WI Scraps Vote On 'Mega Farms' Resolution

UK - In an unprecedented move, the Women's Institute AGM in Liverpool has decided not to vote on a resolution about 'mega farms'.
calendar icon 9 June 2011
clock icon 2 minute read
National Farmers Union

The resolution, which would have formed a platform for WI campaigning, had been the subject of intensive NFU lobbying during the last few months. Farmers and staff travelled the country to speak to nearly 110 local WI groups

A vote was rejected at the eleventh hour as delegates questioned the wording and the clarity of the paragraph, which had called for the government to block planning permission for 'factory farming'.

NFU President Peter Kendall had addressed delegates on the issue at the Liverpool Echo Arena, earlier today.

The decision not to vote at all on a resolution is thought to be a first of its kind for the WI.

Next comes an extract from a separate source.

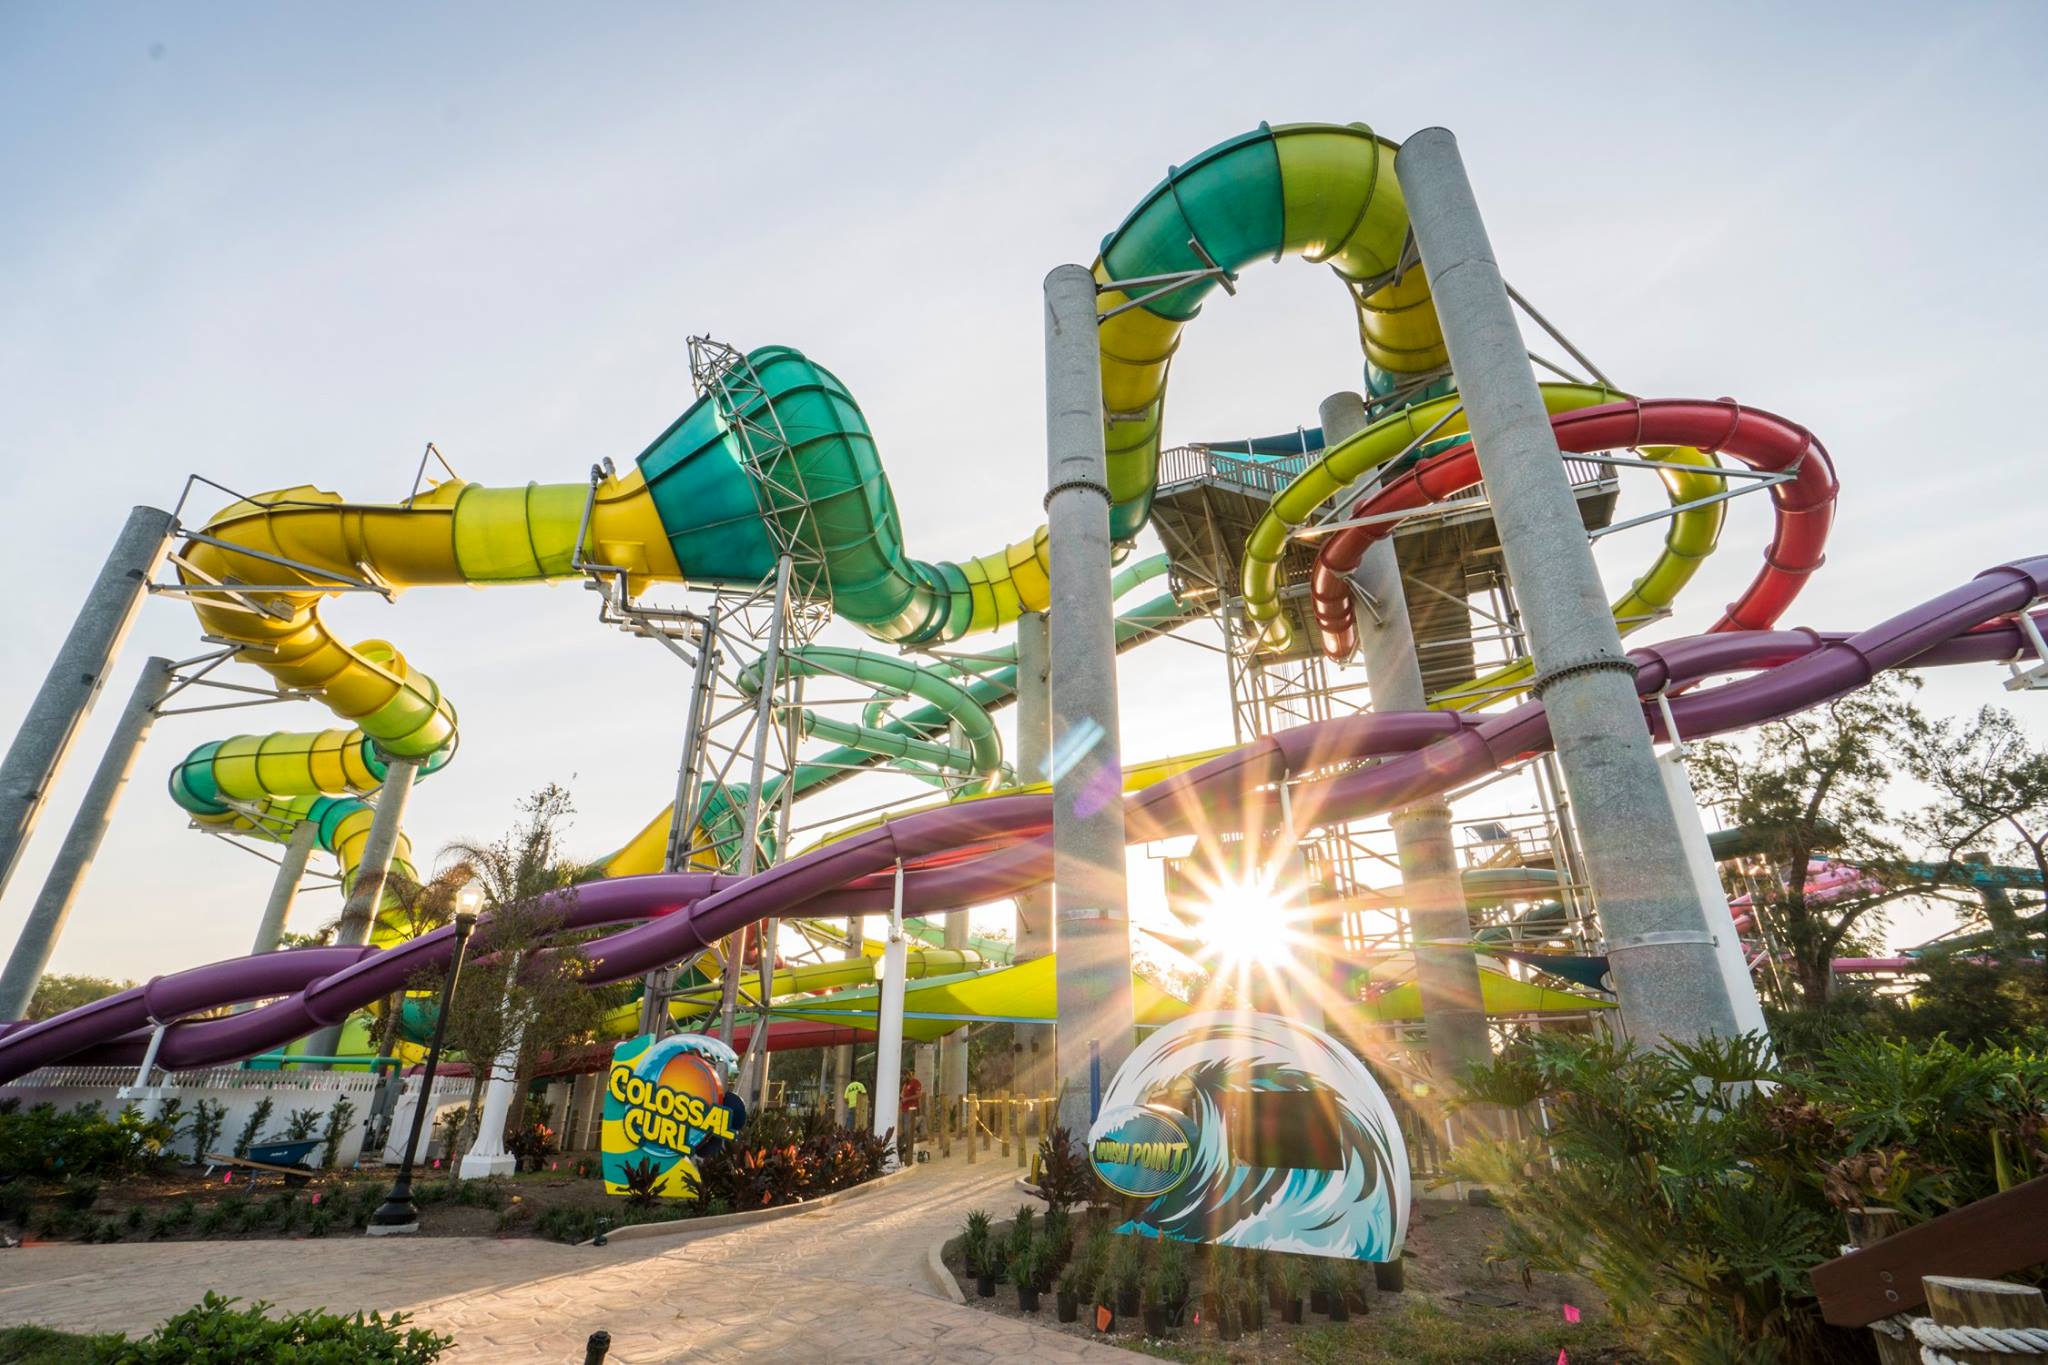 SUMMER SPLASHES ON AT ADVENTURE ISLAND WITH EXTENDED 2018 SEASON!

The resolution was as follows: 'Proposed Mega Farms - This meeting abhors the practice of factory farming particularly large animals such as pigs and cows and urges HM Government to ensure planning permission is not granted for such projects.'

Speaking afterwards, Mr Kendall said: “The WI is an organisation that passionately supports British agriculture. Like the NFU, the WI wants to have a debate about the future of farming that’s based on the facts rather than myths and misconceptions. For our part, we very much look forward to being part of that debate.

“If British producers are going to rise to the challenge of feeding a growing population in this country – an estimated 70 million by 2030 – it is vital that the industry can join forces, to grow and to invest in the very latest equipment, housing and technology.

“If we don’t do that, we will find it difficult to compete against cheap, lower animal-welfare meat from the rest of the world. Right now, we are less than 60% self-sufficient and the risk is that this will drop to 50% if we cannot find new ways of producing more here.

“The NFU will carry on tackling myths about livestock farming, and engaging in the debate about how British farmers can meet the food production challenge. Our farmers will continue, regardless of scale, to work to world-class welfare and environmental standards and to deliver a whole range of high-quality, affordable food to the British consumer.”